- [WHAT IS EXPECTED]: Please repeat each line of the data exactly, with nothing left out.

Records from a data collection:
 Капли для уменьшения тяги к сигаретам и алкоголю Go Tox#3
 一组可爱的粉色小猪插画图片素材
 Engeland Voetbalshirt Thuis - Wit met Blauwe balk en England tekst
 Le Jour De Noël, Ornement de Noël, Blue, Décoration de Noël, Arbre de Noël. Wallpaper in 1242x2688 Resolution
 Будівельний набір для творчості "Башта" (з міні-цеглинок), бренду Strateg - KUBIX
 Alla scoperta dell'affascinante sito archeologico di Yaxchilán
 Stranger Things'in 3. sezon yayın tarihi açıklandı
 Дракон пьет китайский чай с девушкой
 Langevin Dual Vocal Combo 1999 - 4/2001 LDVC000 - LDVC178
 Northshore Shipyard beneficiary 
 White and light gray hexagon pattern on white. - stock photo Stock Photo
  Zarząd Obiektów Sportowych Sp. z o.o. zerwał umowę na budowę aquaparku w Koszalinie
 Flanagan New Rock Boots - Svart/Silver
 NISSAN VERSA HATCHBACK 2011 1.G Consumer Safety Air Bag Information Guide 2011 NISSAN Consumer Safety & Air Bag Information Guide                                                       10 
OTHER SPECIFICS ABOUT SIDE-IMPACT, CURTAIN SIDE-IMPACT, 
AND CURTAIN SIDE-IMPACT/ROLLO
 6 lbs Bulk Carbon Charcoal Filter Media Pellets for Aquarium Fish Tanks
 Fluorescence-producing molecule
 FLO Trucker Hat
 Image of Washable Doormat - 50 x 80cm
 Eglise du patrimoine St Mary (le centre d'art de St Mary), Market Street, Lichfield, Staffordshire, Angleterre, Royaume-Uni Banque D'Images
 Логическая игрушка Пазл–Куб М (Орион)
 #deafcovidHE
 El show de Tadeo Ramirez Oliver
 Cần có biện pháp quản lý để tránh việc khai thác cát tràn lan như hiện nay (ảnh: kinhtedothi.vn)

- [TASK RESPONSE]:
 Капли для уменьшения тяги к сигаретам и алкоголю Go Tox#3
 一组可爱的粉色小猪插画图片素材
 Engeland Voetbalshirt Thuis - Wit met Blauwe balk en England tekst
 Le Jour De Noël, Ornement de Noël, Blue, Décoration de Noël, Arbre de Noël. Wallpaper in 1242x2688 Resolution
 Будівельний набір для творчості "Башта" (з міні-цеглинок), бренду Strateg - KUBIX
 Alla scoperta dell'affascinante sito archeologico di Yaxchilán
 Stranger Things'in 3. sezon yayın tarihi açıklandı
 Дракон пьет китайский чай с девушкой
 Langevin Dual Vocal Combo 1999 - 4/2001 LDVC000 - LDVC178
 Northshore Shipyard beneficiary 
 White and light gray hexagon pattern on white. - stock photo Stock Photo
  Zarząd Obiektów Sportowych Sp. z o.o. zerwał umowę na budowę aquaparku w Koszalinie
 Flanagan New Rock Boots - Svart/Silver
 NISSAN VERSA HATCHBACK 2011 1.G Consumer Safety Air Bag Information Guide 2011 NISSAN Consumer Safety & Air Bag Information Guide                                                       10 
OTHER SPECIFICS ABOUT SIDE-IMPACT, CURTAIN SIDE-IMPACT, 
AND CURTAIN SIDE-IMPACT/ROLLO
 6 lbs Bulk Carbon Charcoal Filter Media Pellets for Aquarium Fish Tanks
 Fluorescence-producing molecule
 FLO Trucker Hat
 Image of Washable Doormat - 50 x 80cm
 Eglise du patrimoine St Mary (le centre d'art de St Mary), Market Street, Lichfield, Staffordshire, Angleterre, Royaume-Uni Banque D'Images
 Логическая игрушка Пазл–Куб М (Орион)
 #deafcovidHE
 El show de Tadeo Ramirez Oliver
 Cần có biện pháp quản lý để tránh việc khai thác cát tràn lan như hiện nay (ảnh: kinhtedothi.vn)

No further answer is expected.